The decision tree algorithm calculates the Gini impurity for each possible split and selects the one with the lowest impurity. Use to make predictions on new data, the algorithm traverses the decision tree from the root node to a leaf node, following decision rules based on input features. Once it reaches a leaf node, it assigns the corresponding class label or prediction.
Key Concepts
- Objective: Predict a target variable using input features.
- Splitting: Identify the best feature to split the data into subsets, aiming for homogeneous groups.
- Impurity Calculation: Use metrics like Gini Impurity or Cross Entropy (Gini Impurity vs Cross Entropy)to evaluate splits. Choose the split that minimizes impurity.
- Purity: A node is pure if it perfectly classifies the data, requiring no further splits.
- Leaf Node Output: Assigns the most common class label or average value in the node.
- Overfitting: Can occur if the tree is too complex. Mitigate with pruning and limiting tree depth.
- Cross Validation: Refine the model to better generalize to new data.
Splitting Process
The splitting process in a Decision Tree involves dividing the dataset into subsets to create a tree-like structure. This process is crucial for building an effective model that can predict target variables accurately.
Splitting Criteria:
- The algorithm evaluates various features to determine the best split at each node.
- It selects the feature and split point that minimize impurity in the resulting child nodes.
- The split that most effectively reduces impurity is chosen, ensuring that each subset is as homogeneous as possible.
Building Process
-
Initial Splitting:
- Begin at the root node and select the best feature to split the data.

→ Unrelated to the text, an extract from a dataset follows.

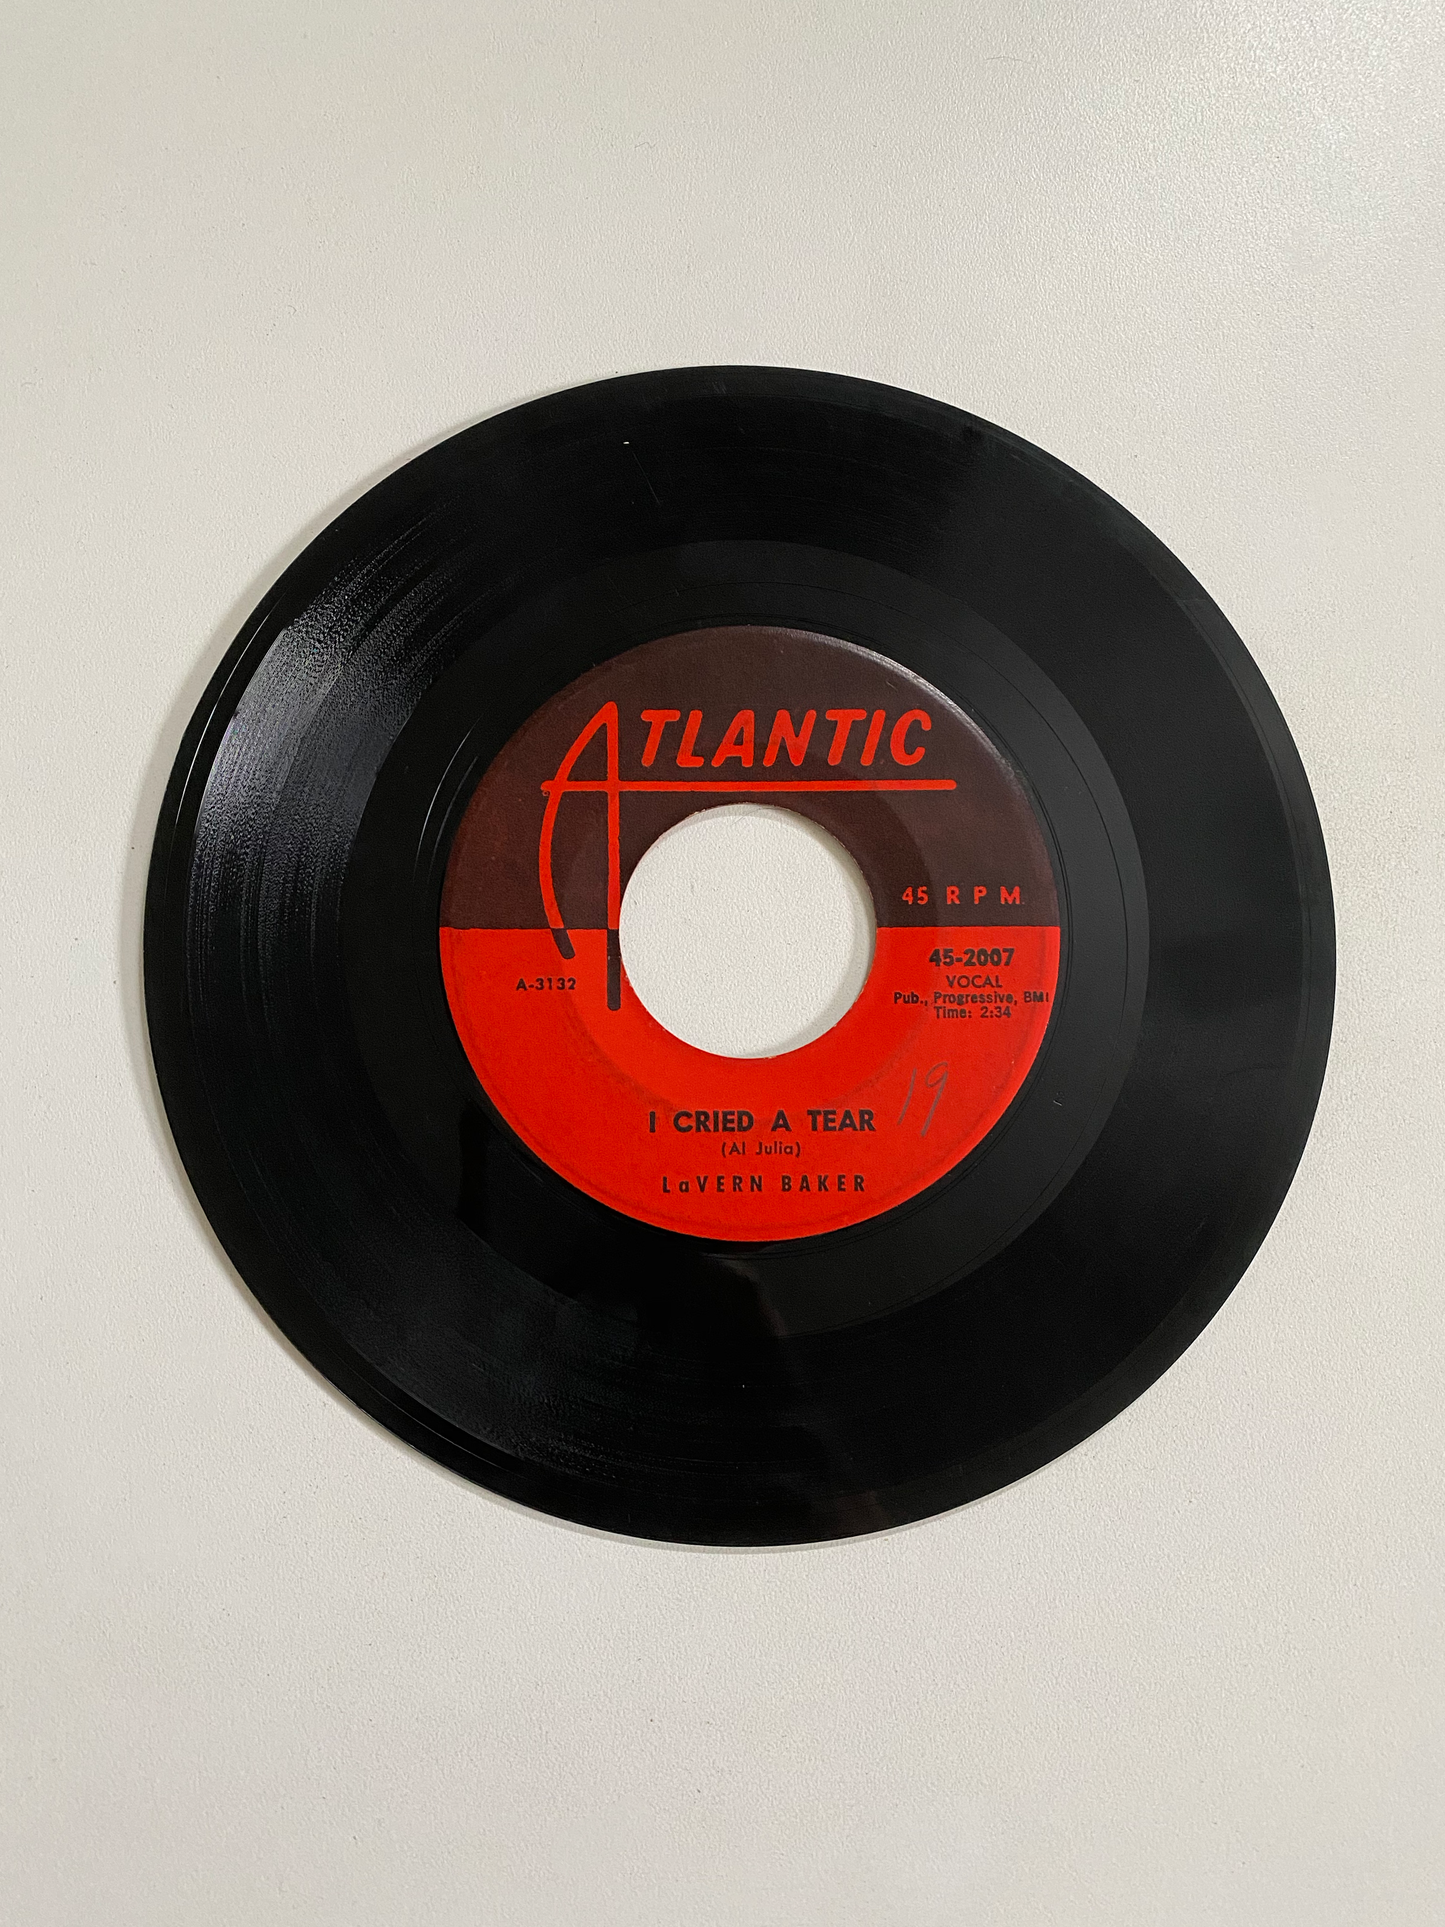 LaVern Baker - Dix-a-Billy | 45 The Vintedge Co.

This selection is based on impurity measures such as Gini impurity or entropy for classification tasks, and variance reduction for regression tasks.
- The goal is to create subsets that are as homogeneous as possible with respect to the target variable.
-
Recursive Partitioning:
- After the initial split, each subset becomes a child node.
- The algorithm recursively applies the splitting process to each child node.
- Continue splitting until stopping criteria are met, such as reaching a maximum tree depth, having a minimum number of samples per node, or achieving insufficient improvement in purity.
-
Leaf Nodes:
- The process continues until reaching leaf nodes, which have no further splits.
- At each leaf node, assign a class label (for classification) or predict a continuous value (for regression) based on the majority class or average value of the samples in that node.
Refinement
Pruning:
- Pre-pruning: Stop tree growth early based on criteria like maximum depth or minimum impurity improvement.
- Post-pruning: Allow the tree to grow fully, then prune back based on performance metrics.
Hyperparameter
Can use GridSeachCv to pick the best paramaters.
Parameter | Purpose | Effect | Example |
---|---|---|---|
criterion | Splitting criteria | Impacts decision logic. | criterion='gini' or criterion='entropy' |
max_depth | Maximum tree depth | Prevents overfitting. | max_depth=5 limits the tree depth to 5. |
min_samples_split | Min samples to split a node | Limits tree growth. | min_samples_split=10 requires at least 10 samples to split a node. |
min_samples_leaf | Min samples at leaf node | Reduces overfitting. | min_samples_leaf=5 ensures every leaf has at least 5 samples. |
max_features | Features considered for splitting | Adds randomness. | max_features='sqrt' or max_features=3 . |
max_leaf_nodes | Max leaf nodes allowed | Reduces overfitting. | max_leaf_nodes=20 caps the tree at 20 leaves. |
class_weight | Adjusts for imbalanced data | Improves fairness. | class_weight='balanced' or class_weight={0:1, 1:2} . |
ccp_alpha | Pruning parameter | Simplifies tree. | ccp_alpha=0.01 prunes weak splits based on complexity. |
Advantages and Disadvantages of Decision Trees
Advantages:
- Simple and interpretable model.
- Minimal data preparation required.
- Transparent decision-making process.
Disadvantages:
- Prone to overfitting, especially with complex datasets.
- Sensitive to small changes in data.
- Can become complex with many features.